10.25.2008

Decisions to decisions are made and not bought and I thought this wouldn't hurt a lot, I guess not.

Another restless sleep. Noises on the roof, gurgling and rustling at four-thirty in the morning. I was still awake, not able to sleep through A Beautiful Mind, and not able to shut my own mind off once the movie was over. Sometimes I just can't fall under, I have to force myself to stare at the blackness behind my eyelids and think of nothing. Five hours later, I'm awake. Noisy house, noisy birds, noisy sunlight.

Riding the bus is always interesting. Watching the wind kick up rust-coloured papery leaves, listening to the hollow bass of someone's headphones, feeling the ground pulse through the thin tacky bus-seat apholstery. Bracing myself as we screech to a stop. Two boys get on, one asks politely to take the seat my feet are occupying. I swing my body toward the window and my head follows.
"What's your name?" Chocolate eyes and mocha skin, a tall glass of a boy, barely 17.
"Hillary."
"Hillary....oh." He rolls my name around in his mouth, tasting the syllables and pleased with the texture, says it again, "Hillary. I'm Jason." He offers a thick slab of palm in greeting.
"What are you up to today?" I ask to be polite, not because I want to make conversation.
"Oh, I'm taking a break-day," waits for a response, judging my eyes, "From treatment."
"Oh?"
"Crack," he clarifies.
"Oh."
His friend two seats ahead is flirting relentlessly with two Brazilian tourists.
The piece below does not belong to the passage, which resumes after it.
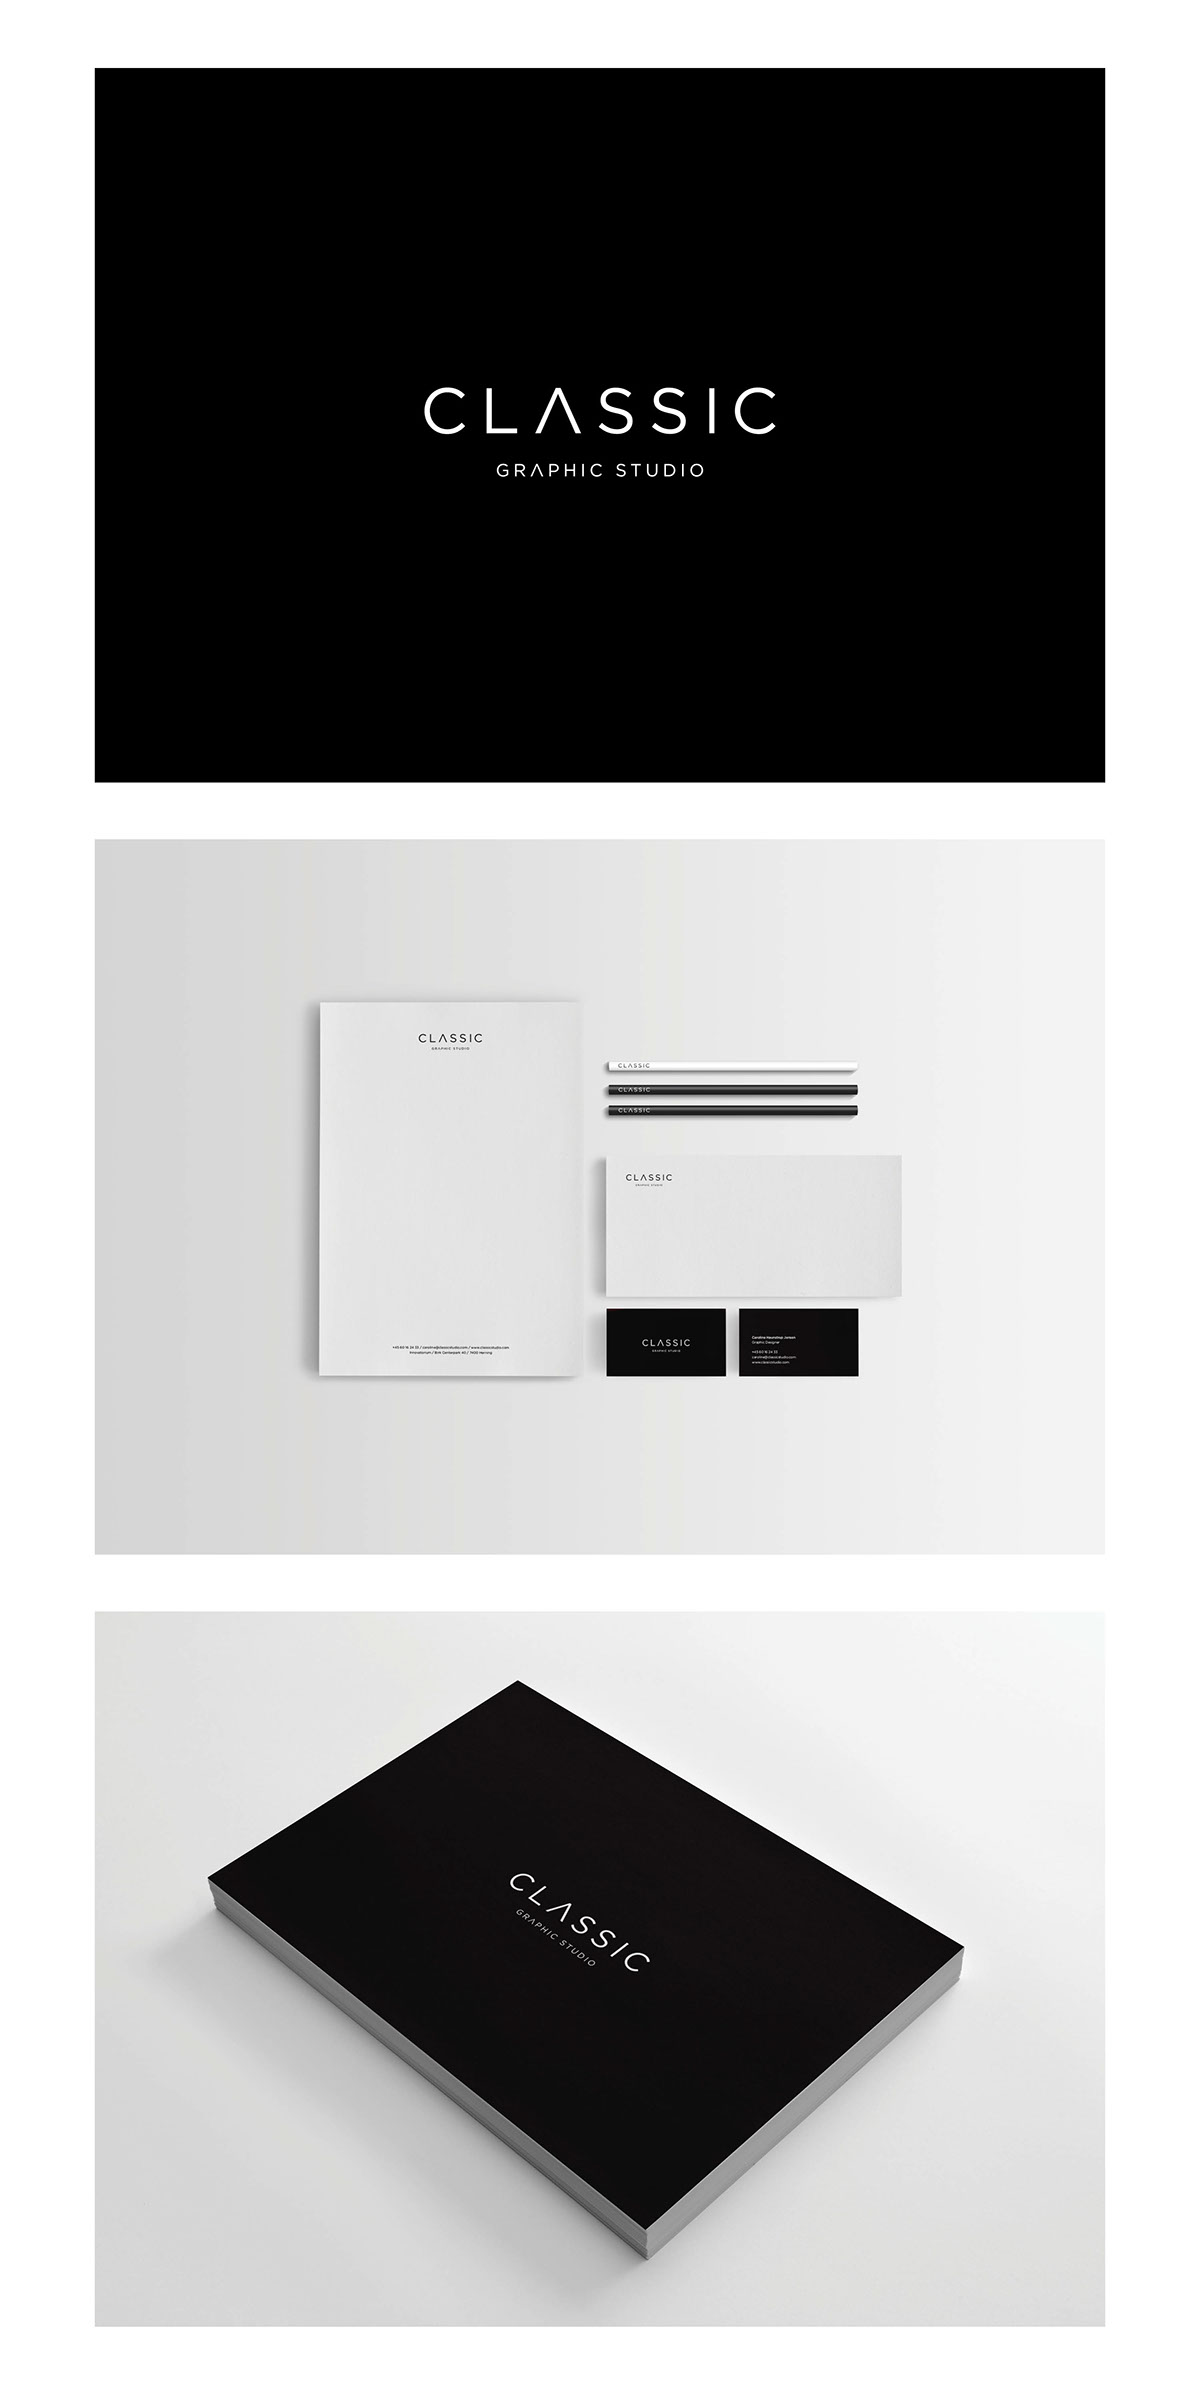 Classic Studio School projekt  Graphic Designer black and white graphic studio visit card gotham

His eyes glint with hunger, like he can replace his want for rock with a few sentences in an exotic accent.
"My buddy, he's bad news. Always after the girls. I'm bad with girls, too. I have to keep my cool, stay cool. Under control."
He then snaps a small rubber band around the skin of his wrist and proceeds to tell me his life story, like he needs to say the words to believe him, like he wants to tell his past so it remains as such. Childhood on Pender Island. East Hastings at age 12. Victoria for a change of scenery. Nanaimo as a last resort.
"I just want to do right, you know? I've lived like this for too long. I need to ditch the lifestyle. Go back to the island, mellow out."
I nod, not knowing what to say. He's so young, so.....soft and undamaged. Still has a baby-face not yet aged by dope.
"How are you doing? Are you happy?"
"Happier than I've been in years and at the same time, still miserable. It's all fine when you're in treatment. It's structured, you're watched over, your days are planned. The real test is making sense out of the world outside." Snaps the rubber band. A thin halo of red circles his wrist.
"Well. This is my stop. I hope you do well, good luck."
He smirks, and his eyes flash with aged knowledge, "I don't believe in luck. Luck is for gamblers."